Event: the initial act

The way we name events
reveals our vision and place in the world.

📍 Event &amp meaning

What really happens when an event upsets us?
Three ways to interpret it, three paths to growth.

 

From the breaking point
to the turning point

Our brain systematically eliminates the idea that our lives are conditioned by unpredictable events. Instead, it lulls us into the deceptive illusion that we are masters of our own destiny.


Admitting this fact — which we observe daily through barely noticeable incidents — we emancipate ourselves from intellectual dependence.

We begin to listen to another source, one that inspires our inner voice and reveals itself through its fearless nature.

We place ourselves above our brain and take control of the situation, maintaining a healthy distance from the fears we once identified with. The brain then returns to its role as a simple tool in the service of our living projects.

Exploring how we are anchored in reality.: it’s called
EVENT

Three layers define it

In the apparent linearity of a life’s path, the event emerges as a disjunction. It interrupts, unsettles, breaks the usual chain. Yet it can also — if welcomed, traversed, digested — become a turning point.

1. The event as the result of causality

In its older sense, the event was perceived as the final point in a sequence — outcome, verdict, sentence. This meaning has faded but lives on in the search for a “why” in patients. It becomes a presumed answer to guilt or a hidden order.

Holofeeling approach: set this frozen causality back in motion by transforming the fact into a call to turn inward.

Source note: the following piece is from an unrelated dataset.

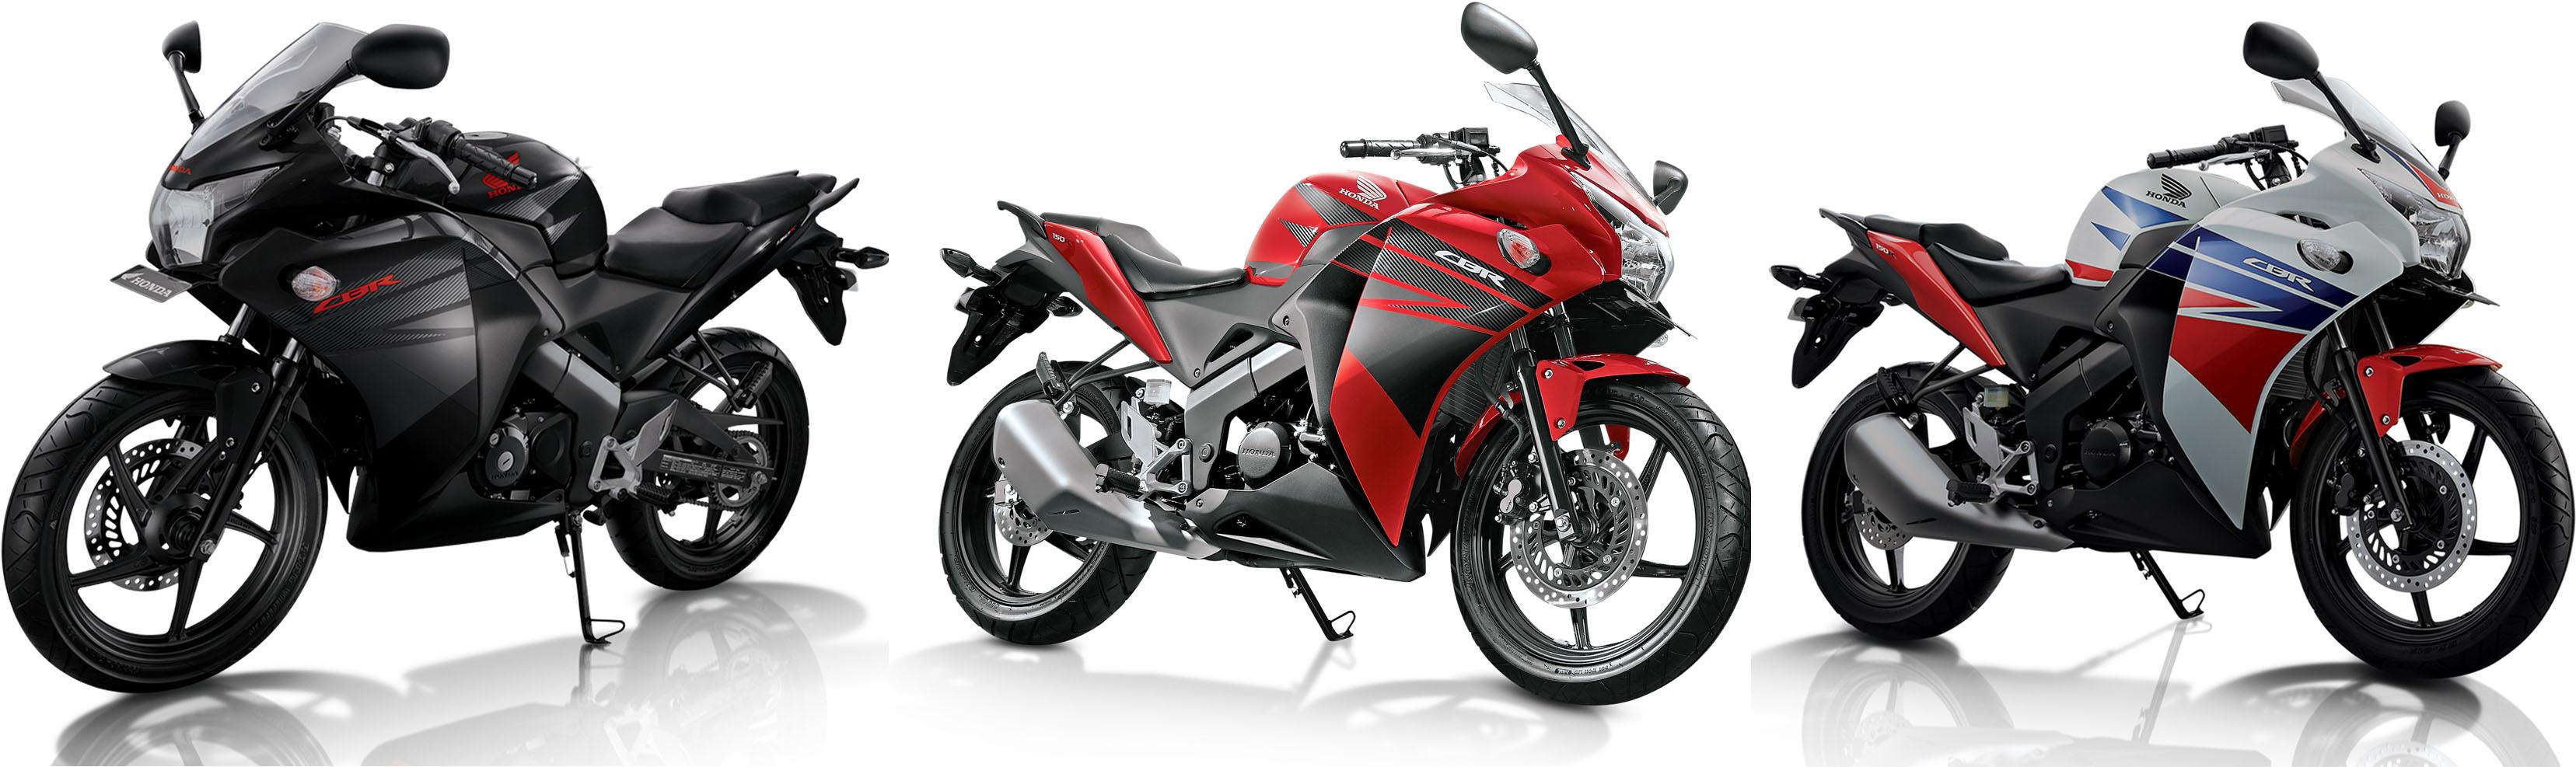 Cbr150r Teras Belitong Blog Laman 2 All New Cbr 150r Racing Red Kota Semarang

2. The event as something that happens to a subject

The event is what happens to me. It becomes emotional: “sad”, “happy”, overwhelming. No longer the cause, it’s the subjective gaze that prevails. Trauma becomes a chance for self-listening, for breaking free from automatic judgment.

“What disturbs men is not things, but the judgments they make about them.” – Epictetus

3. The event as unexpected rupture

Disruption. Surprise. Breach. The event comes from outside. It is kairos – the fertile, unforeseen, timely moment. It is only understood in hindsight, sometimes long afterward. One can prepare for it through a gentle practice of welcoming the unpredictable.


IBM: a founding ethical code

IBM wasn’t founded by Mormons, but Thomas J. Watson Sr., its visionary leader, implemented a corporate culture deeply inspired by Methodist ethics. The motto: Respect, Service, Excellence.

Though these spiritual roots are now mostly forgotten, their traces persist in the collective behavior. The founding event — this breath of idealism — continues to act within the unconscious of the institution. An example of invisible transmission.


Pierre Gardelle: breathing before effort

Therapist Pierre Gardelle discovered that the only way not to run out of breath on a staircase is to breathe out fully just before the effort. A simple preventative breath changes the outcome of the event.

This seemingly minor act becomes a foundational metaphor: it is through daily training with micro-events that we learn to face major ruptures. Every daily tension becomes an exercise in presence.


Conclusion: the event as mirror

The event reveals us, not as victims, but as mirrors of our relation to reality. It reflects our relation to time, to others, and to ourselves. It invites us to move from narrative to silence, from reflex to listening, from imposed meaning to received meaning.

Suggested practice: each day, welcome a “micro-kairos” — an unexpected moment, a frustration, a silence — as a doorway to oneself.

“There is no great passage without an event, but no event without reception. Better to train daily in order to be ready for the great reception when the moment comes.”